“Yes.” She sat up straight, at full attention.
She looked concentrated and poised as if she was about to center herself into another ritual. I patiently waited to see what she would do next. At least I wasn’t alone. Anything was better than waiting for the guys to return by myself.
I refused to collapse in on myself like a dying star.
The woman sat with her legs crossed in front of me. She was so close to me, invading my personal space. I didn’t care. I just needed to be with someone, anyone, right now. If I was alone with my thoughts, they would turn dangerously destructive.
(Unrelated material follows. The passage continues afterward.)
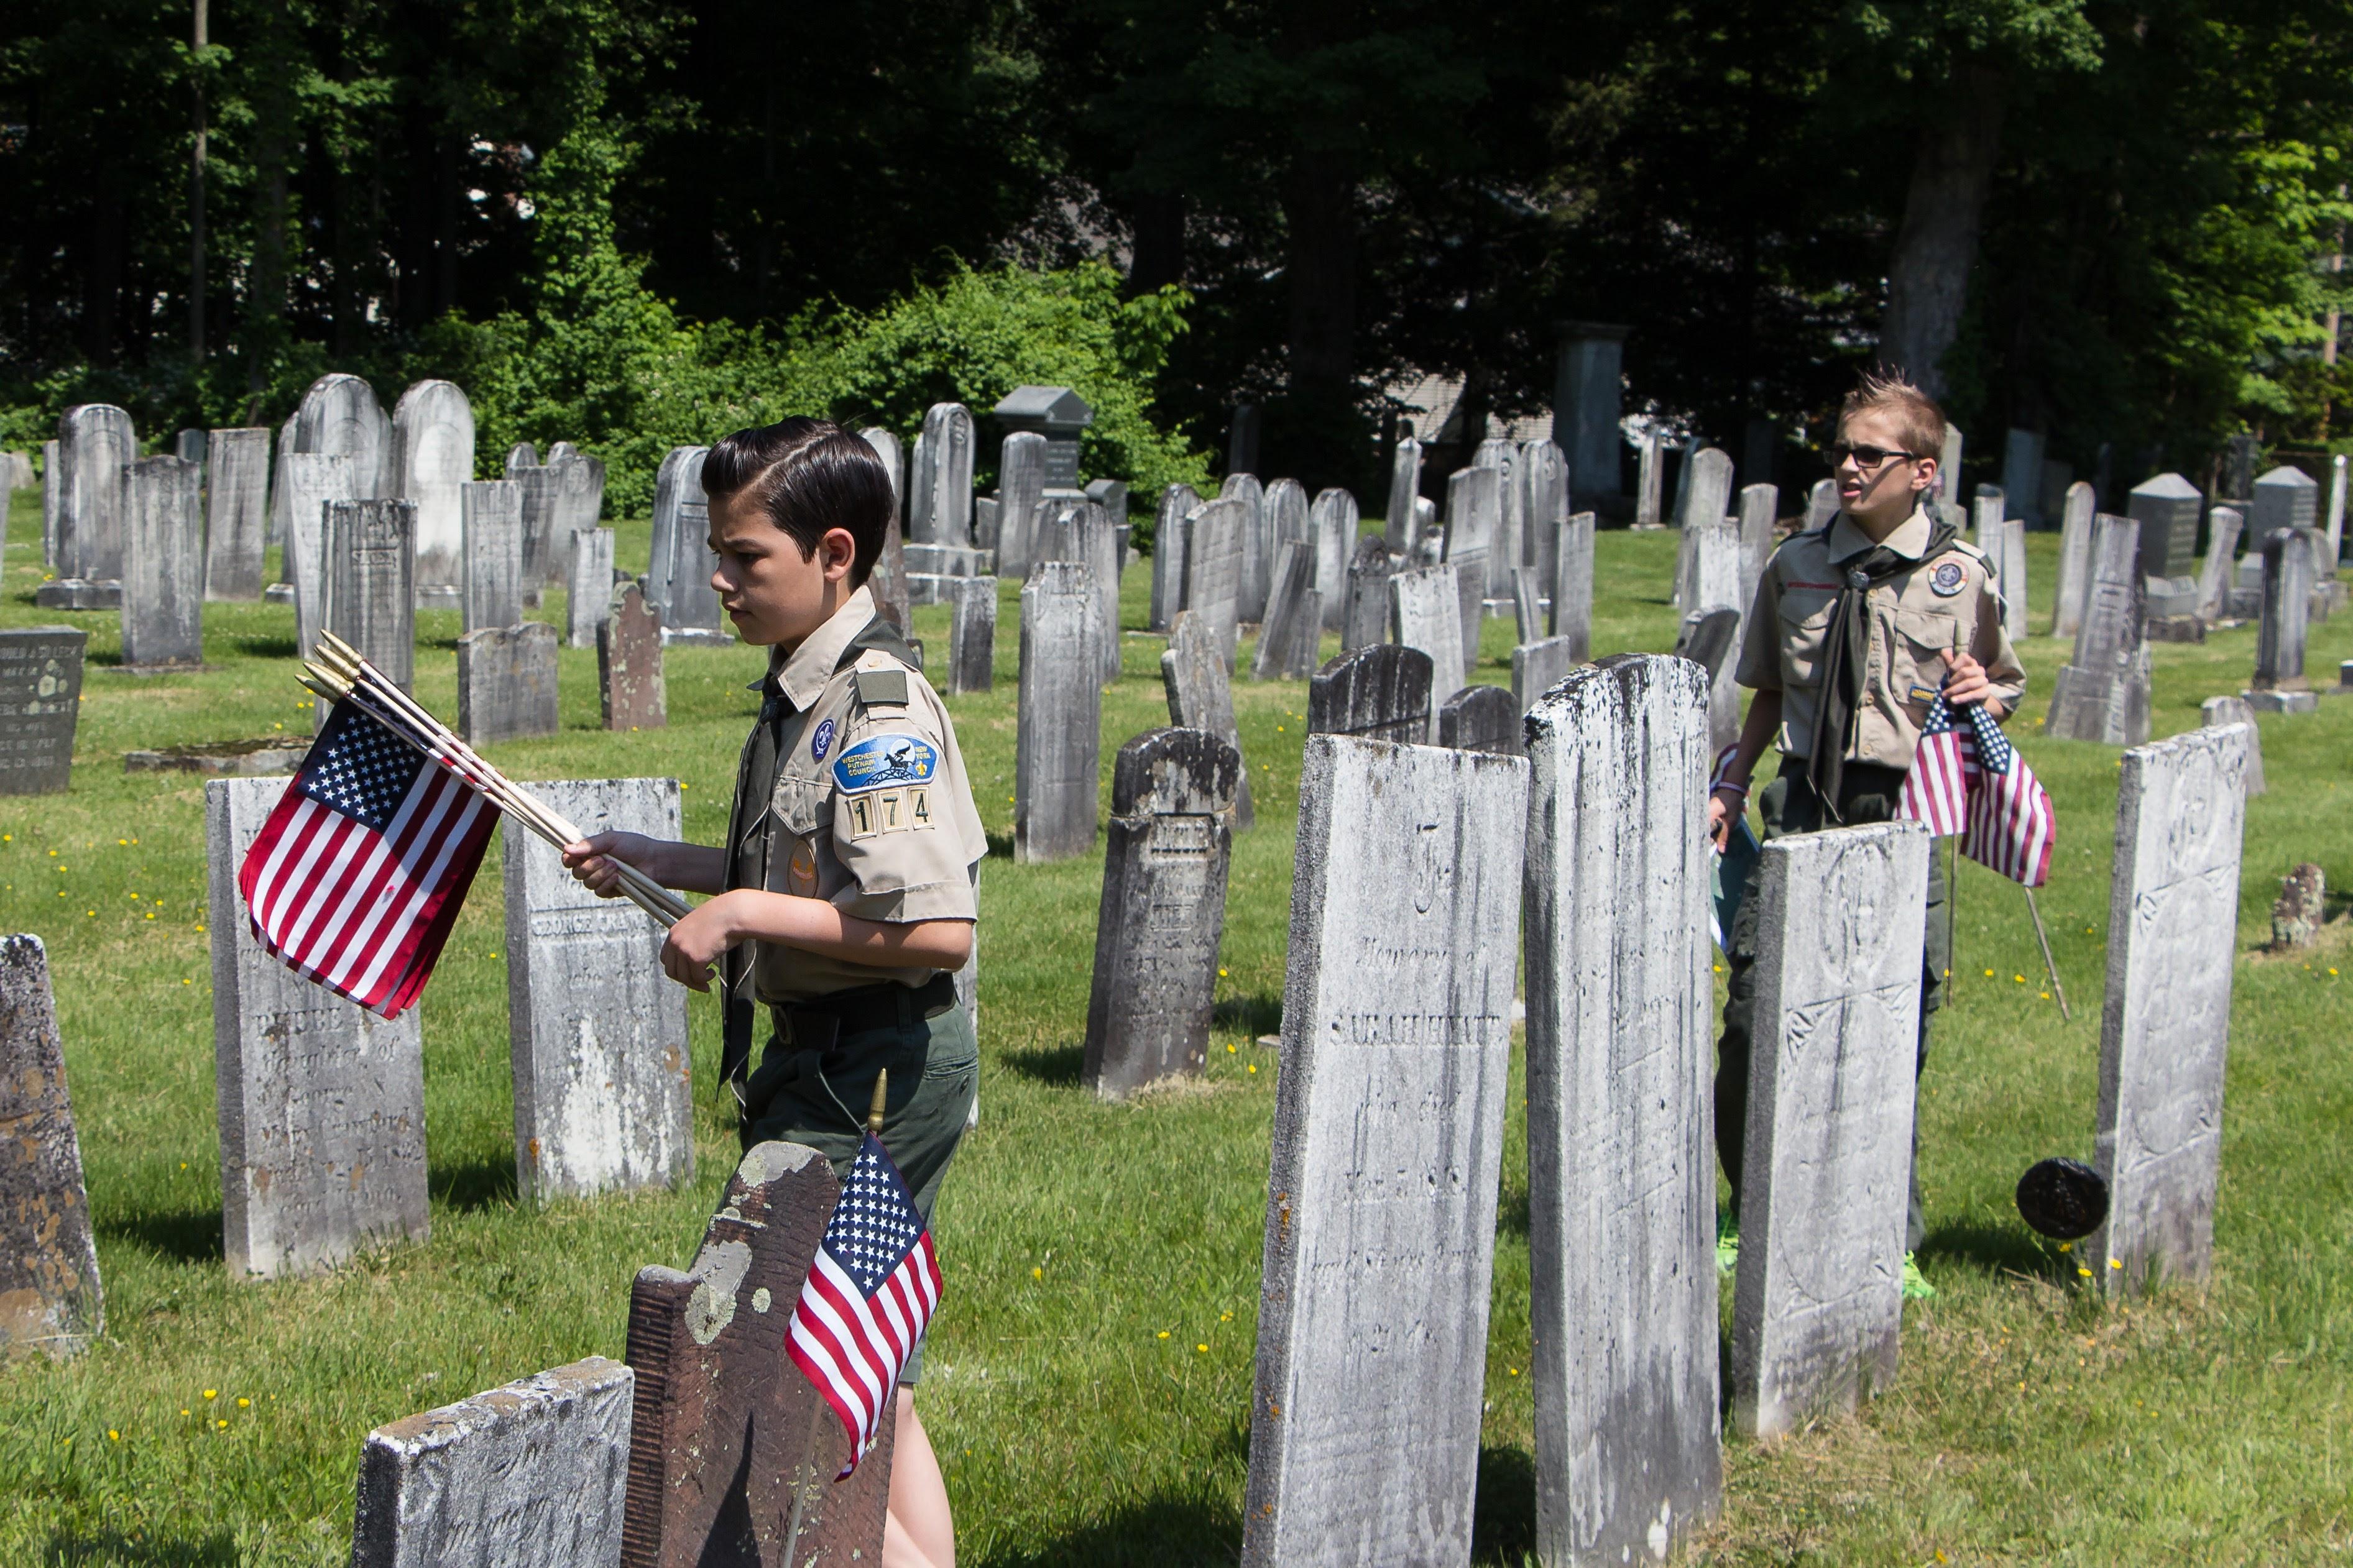 3139fcac581089e158ac_dfc325416c92cfecd01c_20160528_Boy_Scouts_Memorial_Day_Flag_Settng_004.jpg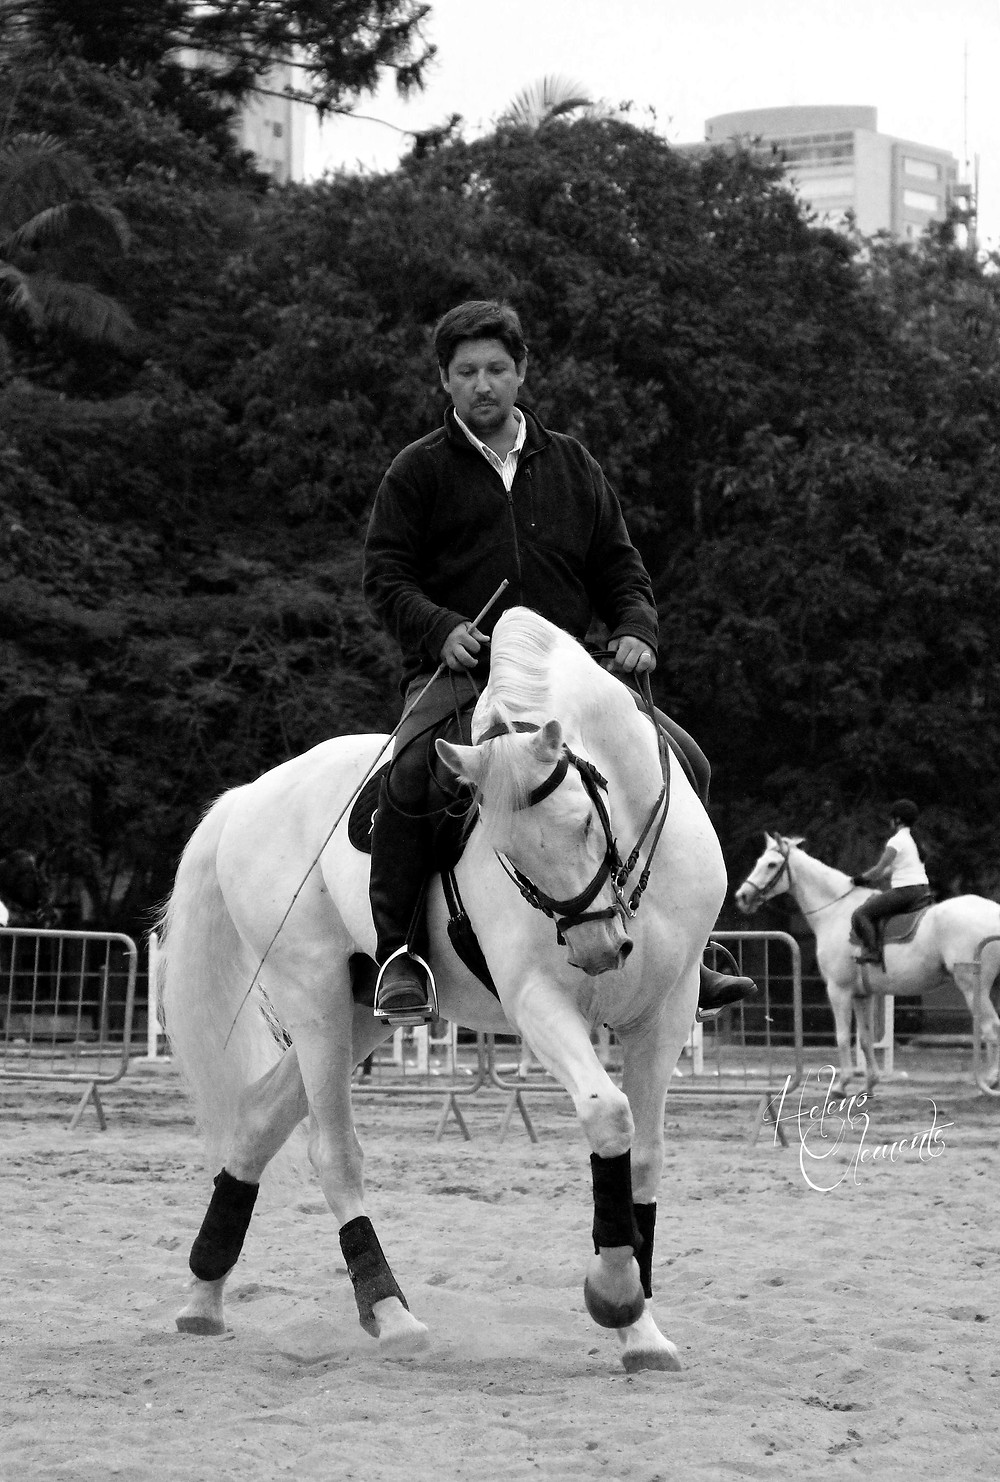 Adestramento clássico no Parque da Água Branca, durante a Expo Cavalos

Things would escalate quickly, and I knew I would begin to tailspin. I didn’t care if the guys wouldn’t approve of me spending time with the mysterious woman.
To me, she was a token and representation of peace and comfort, something that I was desperate to attain right now until they came back and briefed me on what was happening out there in the midst of the camp.
The woman scooted a few inches closer to me so that now our knees were touching. She took my hands and began inspecting them as if she were a palm reader.
Then she began chanting incantations that I couldn’t understand. The language was unfamiliar to me.
Láttu myrkrið vera kastað út af ljósinu.
There was one chant in particular, that she began to say over and over, droning it louder and louder each time. Her eyes were closed, but I wanted to know what she was saying. I cleared my throat, hoping that it would jolt her out of her trance.
It worked. She stared at me with curious, piercing green eyes, just like mine. Gazing at her was like looking into the window of my own soul. I felt the penetrating depth of her hawk-like fixation on me.
“Pardon me for the interruption,“ I said and cleared my throat again. “But, do you mind sharing with me what you are saying?“
The woman let go of my hands. I let them hang limply in my lap for a few seconds as I studied her every move.
She reached over to her crystals and plucked one off of the makeshift shelf she had placed neatly into a tucked away little corner.
“This one in particular...“ she trailed off as she tapped on it with a red-painted index nail, “is my favorite.“
“It is?“ I asked, still feeling a little frustrated that she hadn’t explained the meaning of the words she had been chanting before.
The woman lovingly stroked the one smooth surface on the side of the roseate stone. “This is pink tourmaline,“ she said. “There are healing powers within us all.“
She held the crystal up above her head.
Láttu myrkrið vera kastað út af ljósinu, she stated again.
“Forgive me again," I said. "What does that mean? What you are saying?"
The woman continued to scrutinize the crystal, rolling it over and over again in her fingers, stroking it as if it was her child.
“The darkness will be cast out by the light," she said, still not looking at me.
I didn't know if she was translating what she had just stated in the foreign language, but I still didn't comprehend what she was trying to tell me as it applied to our current situation. She was ethereal as she stared off into space. I wanted to pick her brain. I wanted to submerge myself in her thoughts.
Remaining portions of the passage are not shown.